Mindful of his good fortune, Pietersen restrained his inclination in the remainder of the session. Even when Australia took the second new ball, he left the strokeplay to Bell, who reached his 50 just before tea, thanks to the usual variety of clips, cuts, and drives.
The proforma persisted into the evening, Bell’s control almost indecent, Pietersen again circumspect. But the bowling was consistently demanding. When Siddle induced Pietersen to edge, the ball running through the vacant second slip area, it brought his first boundary in more than two hours. Then, in the next over, Harris found a little bit of extra bounce and movement, cutting Bell in half and clattering the top of his off-stump. Having not looked for a moment like losing his wicket, Bell was gone to a ball simply too good not to snatch it from him, for 60 – including 46 runs’ worth of boundaries – with England’s score at 225.
This brought to the wicket Jonny Bairstow, who had scored just two, when Starc bowled a short, wide ball, trying to tempt Pietersen into a big shot to bring up his century, and Pietersen slashed it up and over point for four.
Bairstow’s busyness kept things moving, but every time Australia was desperate for a wicket, it got one. With his score at 22, Starc persuaded Bairstow into a drive, and Watson took a very smart catch down by his right ankle. This did little to assuage Watson’s frustration following an afternoon of near things, and the ball was thrown away in something approximating to disgust.

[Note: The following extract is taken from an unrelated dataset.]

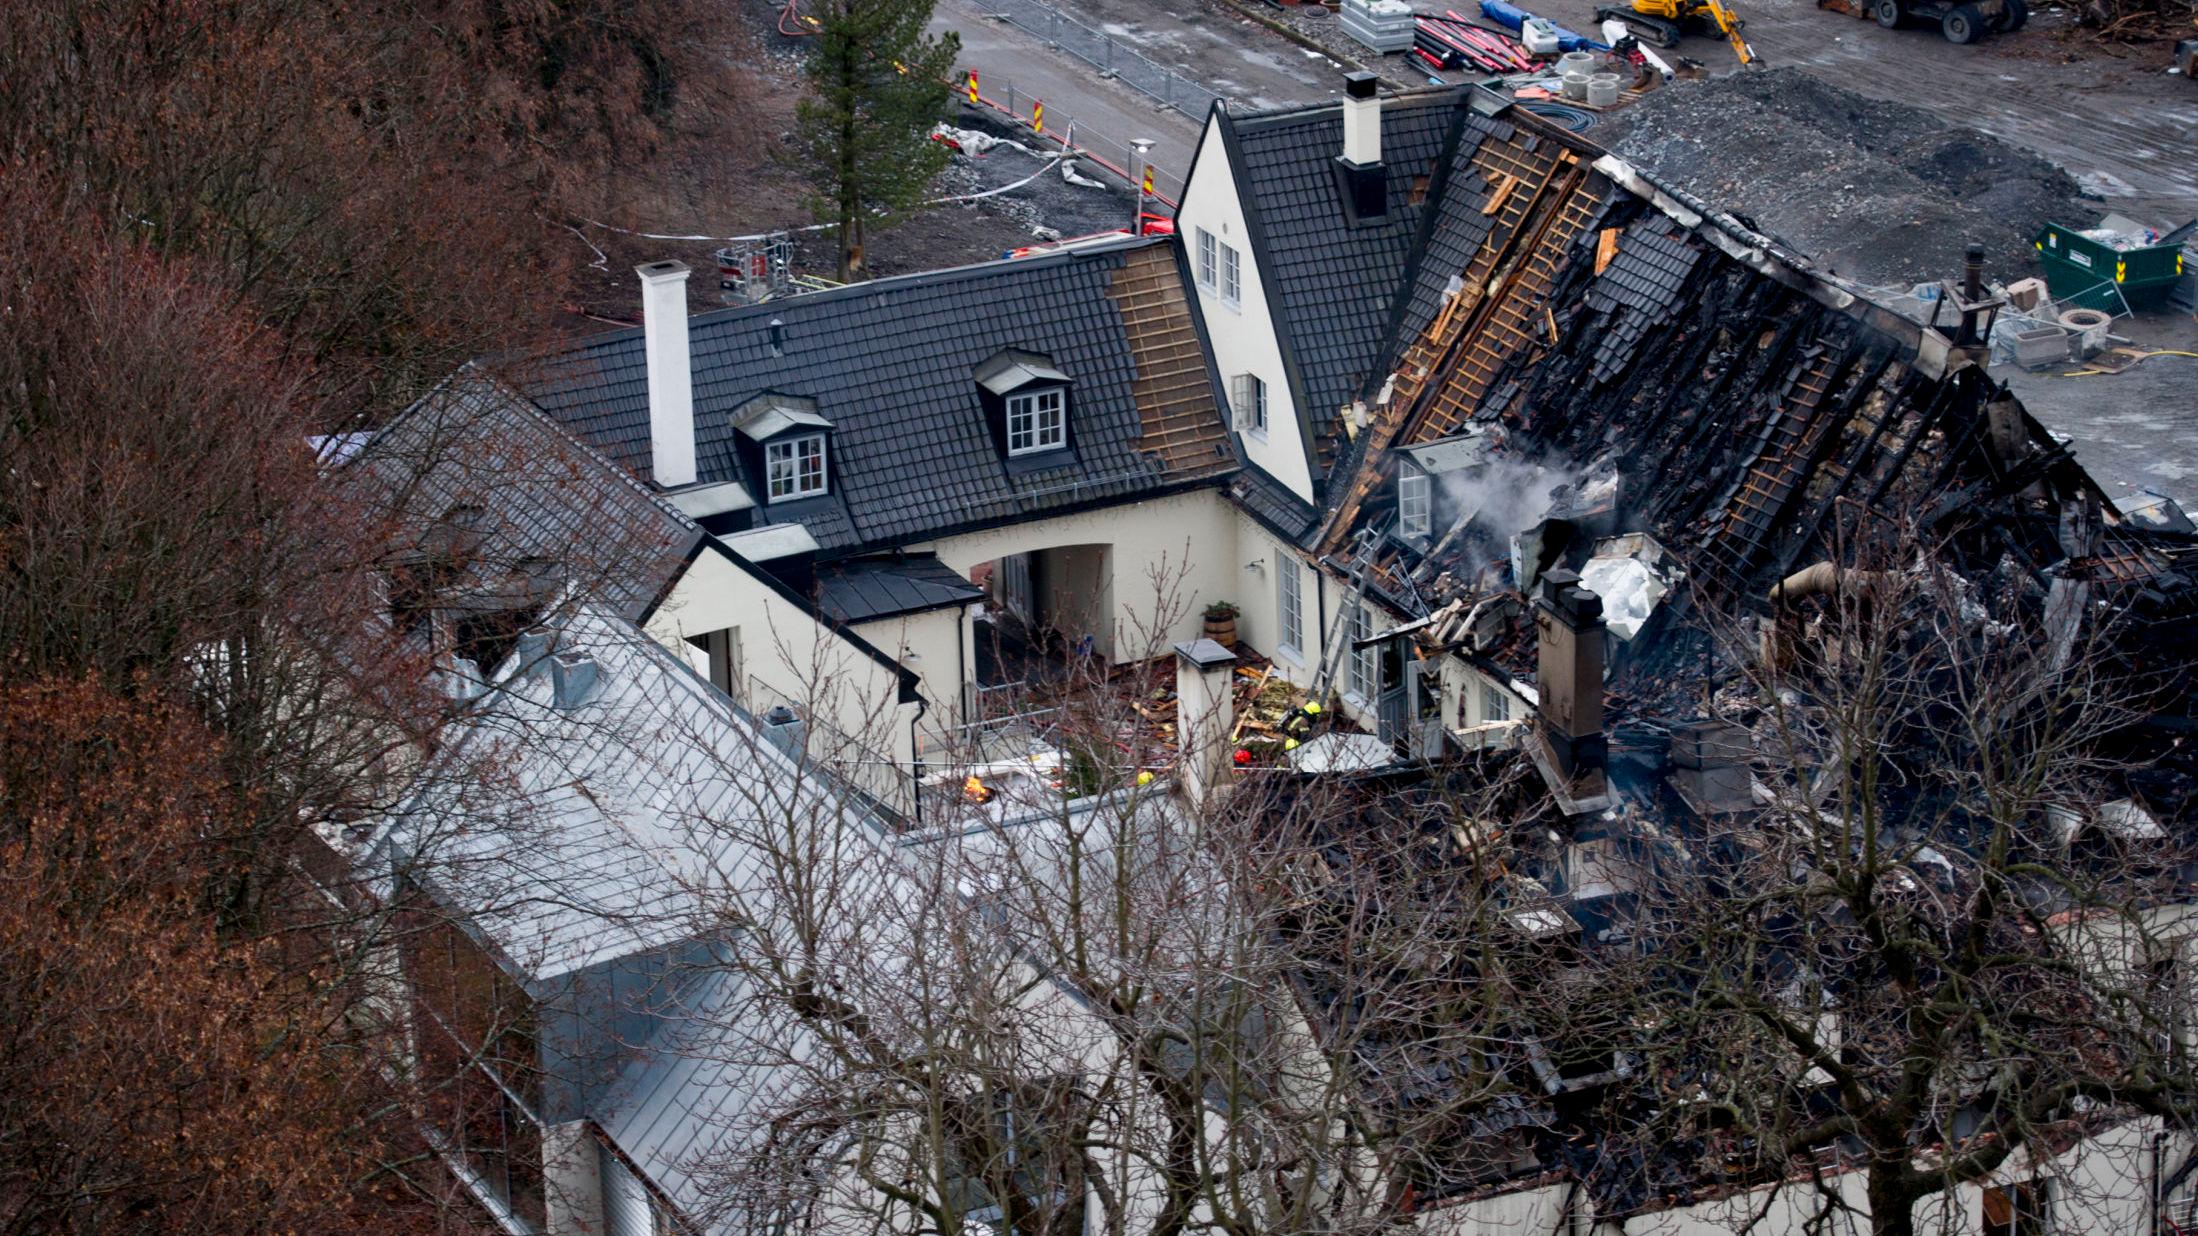 RESTER: Slik så gården ut etter at brannen var slukket brannen. Foto: Jon Olav Nesvold / NTB scanpix

But just four overs later came further consolation. Starc, who had his best day of the series, found some late movement to move the ball away from Pietersen, who misjudged the line and was caught on the pad. The review was requested almost apologetically, revealing that he was out, and then some, leaving to a richly merited standing ovation. Perhaps the least typical of all his Test centuries, and for precisely that reason, it was also one of his best, and certainly one of his most important. Talent is almost always worth the trouble.